# RECORDED DATA
◇ ◇ ◇ ◇ ◇

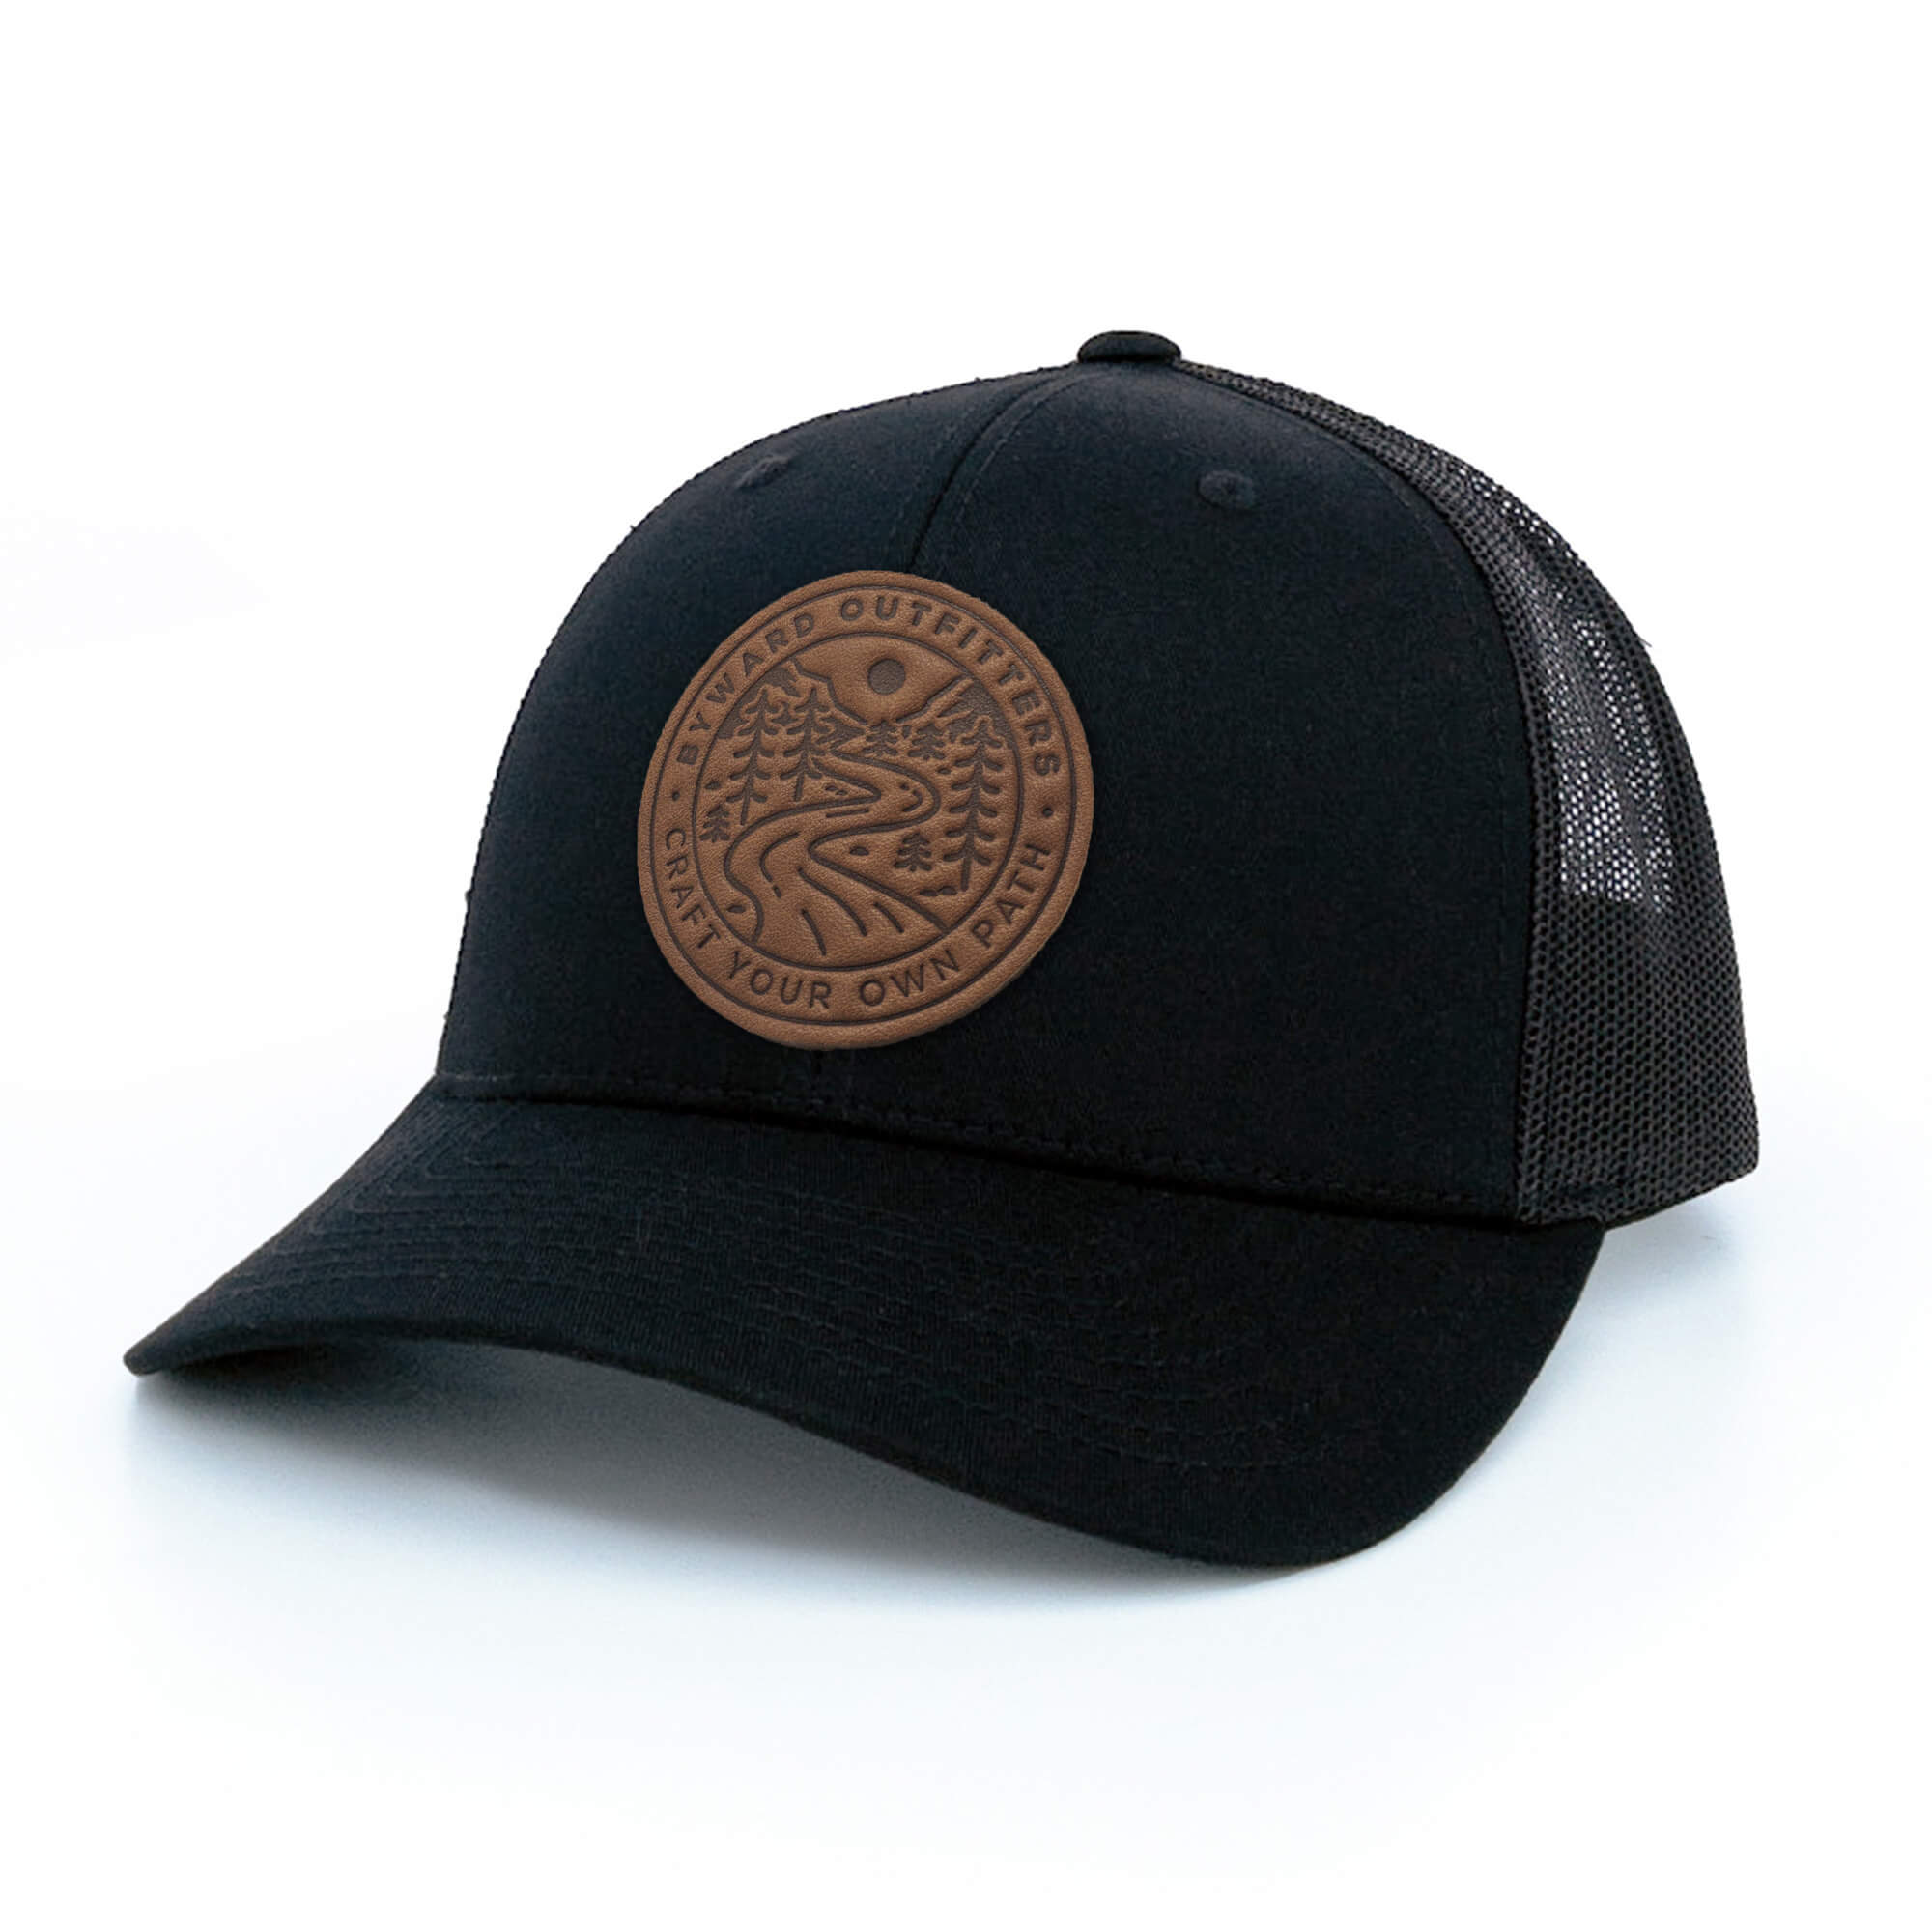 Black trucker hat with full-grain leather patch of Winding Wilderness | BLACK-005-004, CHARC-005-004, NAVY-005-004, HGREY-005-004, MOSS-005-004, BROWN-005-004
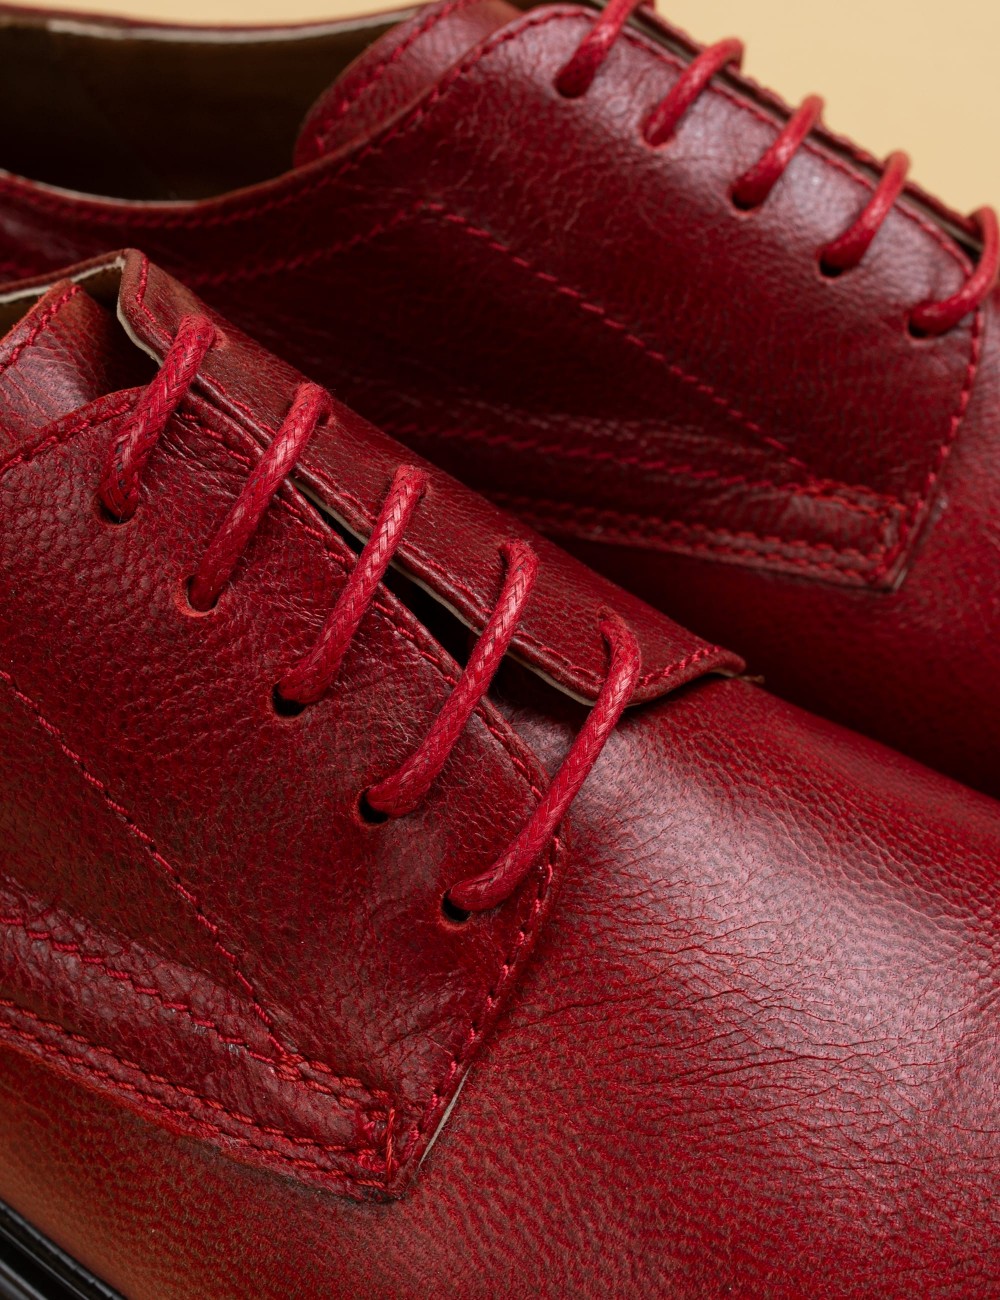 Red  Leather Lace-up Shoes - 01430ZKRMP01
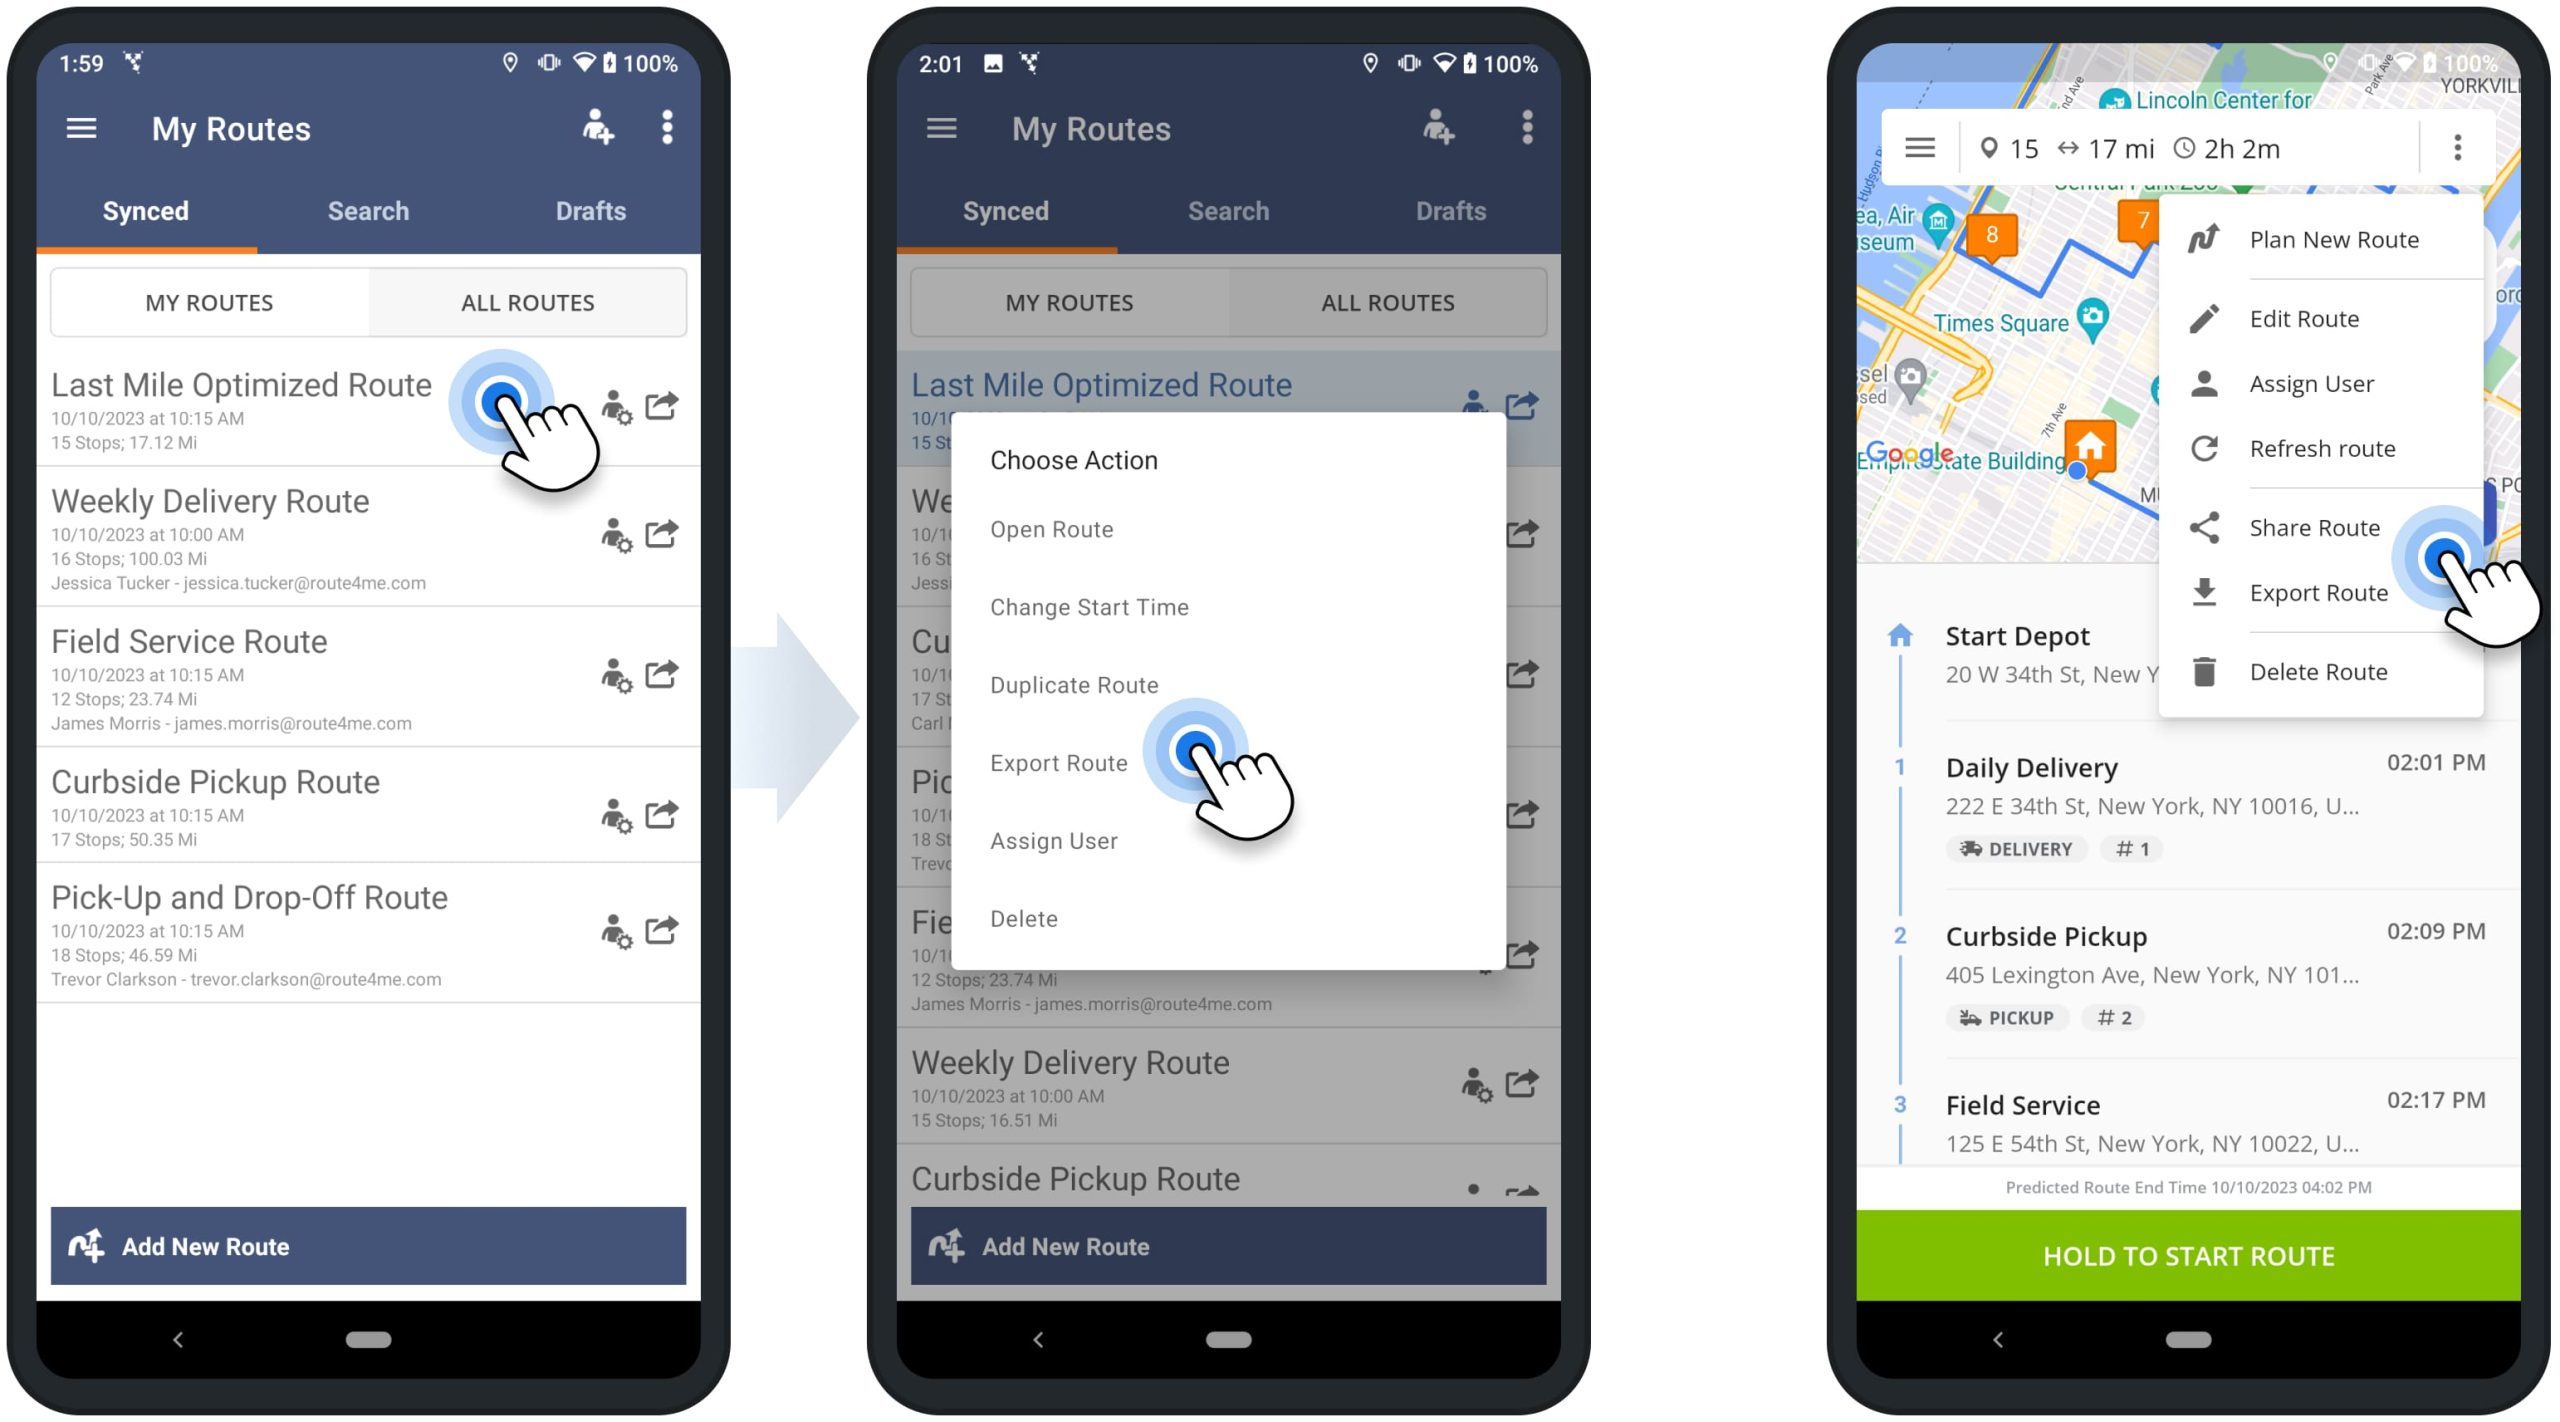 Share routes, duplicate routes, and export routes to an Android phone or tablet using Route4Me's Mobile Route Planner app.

◇ ◇ ◇ ◇ ◇

# WHAT IS NEEDED
Your copy should begin at the line containing "Shoes - 01430ZKRMP01" and end at the last line of the data above, matching each line exactly and holding no pictures.

# RESULT FOR THIS EXERCISE
 Red  Leather Lace-up Shoes - 01430ZKRMP01
 Share routes, duplicate routes, and export routes to an Android phone or tablet using Route4Me's Mobile Route Planner app.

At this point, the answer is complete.